Politically, Zelensky must balance urgency with caution. He cannot appear to accept a deal that cedes territory or sovereignty without broad domestic and allied buy-in. In Washington, he will need to anchor any discussion of compromises with clear red lines and timelines, and he will seek immediate assurances that any U.S.-brokered steps will involve European partners so that Kyiv does not face unilateral pressure to concede.

Paths to a credible peace — and the risks

Diplomats and experts sketch several possible pathways emerging from this moment, but each carries deep risks.

One path is a phased, verifiable process: begin with localized, monitored pauses in fighting to create humanitarian space; move to an interim security architecture with international observers or peacekeepers in specified sectors; and negotiate longer-term political arrangements under strict verification, investments in reconstruction, and binding security guarantees by a coalition of states. This approach is painstaking, requires strong verification measures, and depends on buy-in from multiple capitals — but it minimizes the risk of rewarding territorial conquest and preserves Ukraine’s negotiating leverage.

A second, riskier path is a push for a swift comprehensive deal that locks in front lines and trades territorial recognitions or long-term arrangements for an immediate end to hostilities and partial sanctions relief. Such a route could reduce violence in the short term but would likely be politically toxic in Kyiv and among many Western publics and governments. It would also raise profound questions about the enforcement of guarantees and the precedent it sets for conflicts resolved by force.

A third possibility is essentially transactional: provisional humanitarian measures and prisoner swaps accompanied by intensified back-channel diplomacy, with any broader political settlement deferred. This could buy time and reduce human suffering but would leave the fundamental political contest unresolved and may embolden Moscow to consolidate battlefield gains while the diplomatic process drags on.

Key to all these scenarios is sequencing and enforcement. Who signs guarantees? How will violations be detected and punished? Will economic sanctions be designed with automatic “snap-back” triggers? Can international peacekeepers deploy with clear mandates and secure lines of supply?
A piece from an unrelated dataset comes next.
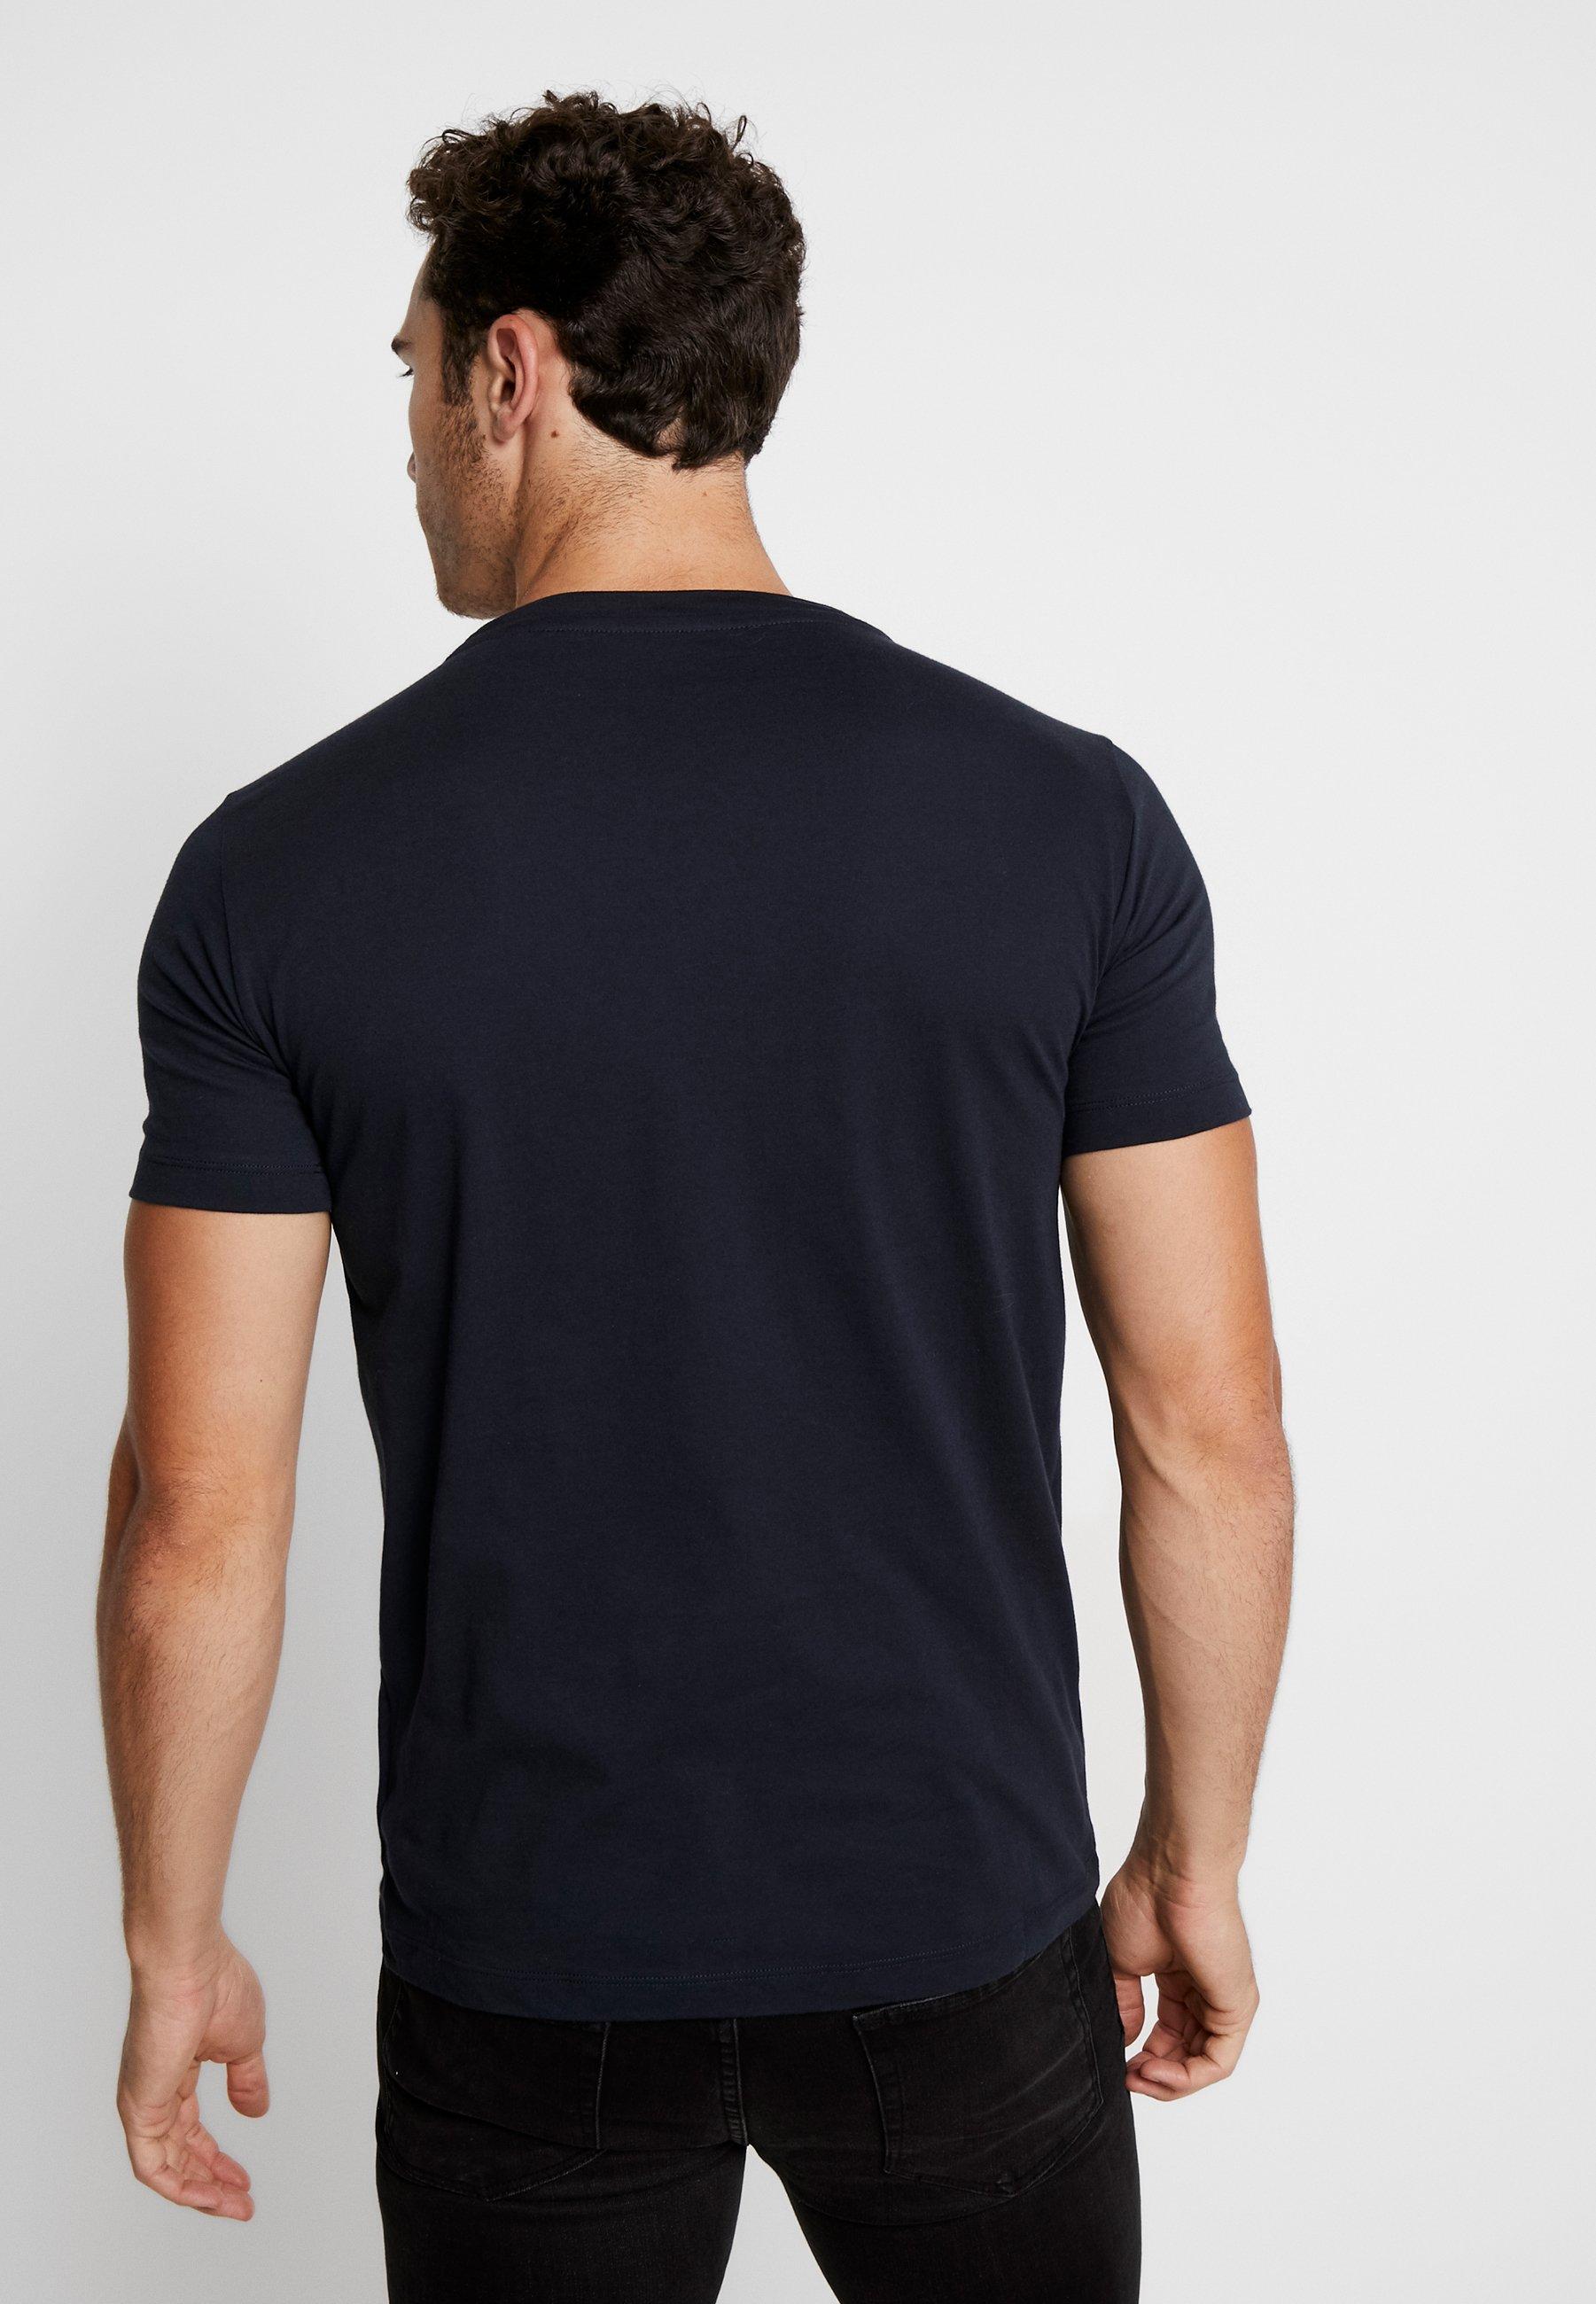 Replay Navy Basique PackT 2 shirt k8wPXn0O

The answers will determine whether any negotiated pause becomes durable or merely a lull.

Another dynamic is Washington’s domestic politics. The U.S. president faces incentives to project the image of a dealmaker, and that political calculus may press for visible progress. At the same time, Congress, allied capitals and public opinion will shape the scope of what the president can credibly promise. Trump’s approach in Anchorage and how he frames the Washington meeting will influence whether European partners see a compatible strategy or growing divergence.

Finally, there is the question of Moscow’s ultimate aims. If Russia’s leadership insists on maximal territorial demands and vetoes Ukraine’s aspirations for NATO or EU anchors, any settlement that does not address those aims may be fragile. Conversely, if Moscow is genuinely willing to negotiate trade-offs in exchange for credible, enforceable security arrangements and partial sanctions relief, a more durable pathway could emerge — but such willingness is not evident in public statements.

As Trump prepares to meet Zelensky, diplomats will be watching for concrete deliverables: named guarantor states, timelines for sanctions enforcement or expansion, agreed mechanisms for prisoner exchanges and humanitarian access, and clarity on whether any trilateral talks with Moscow are conditional on Kyiv’s consent and participation. The balance Washington strikes between urgency and respect for Ukraine’s sovereignty will shape the next phase of diplomacy — and the likelihood that the Anchorage talks translate into a credible, enforceable push toward ending the bloodshed.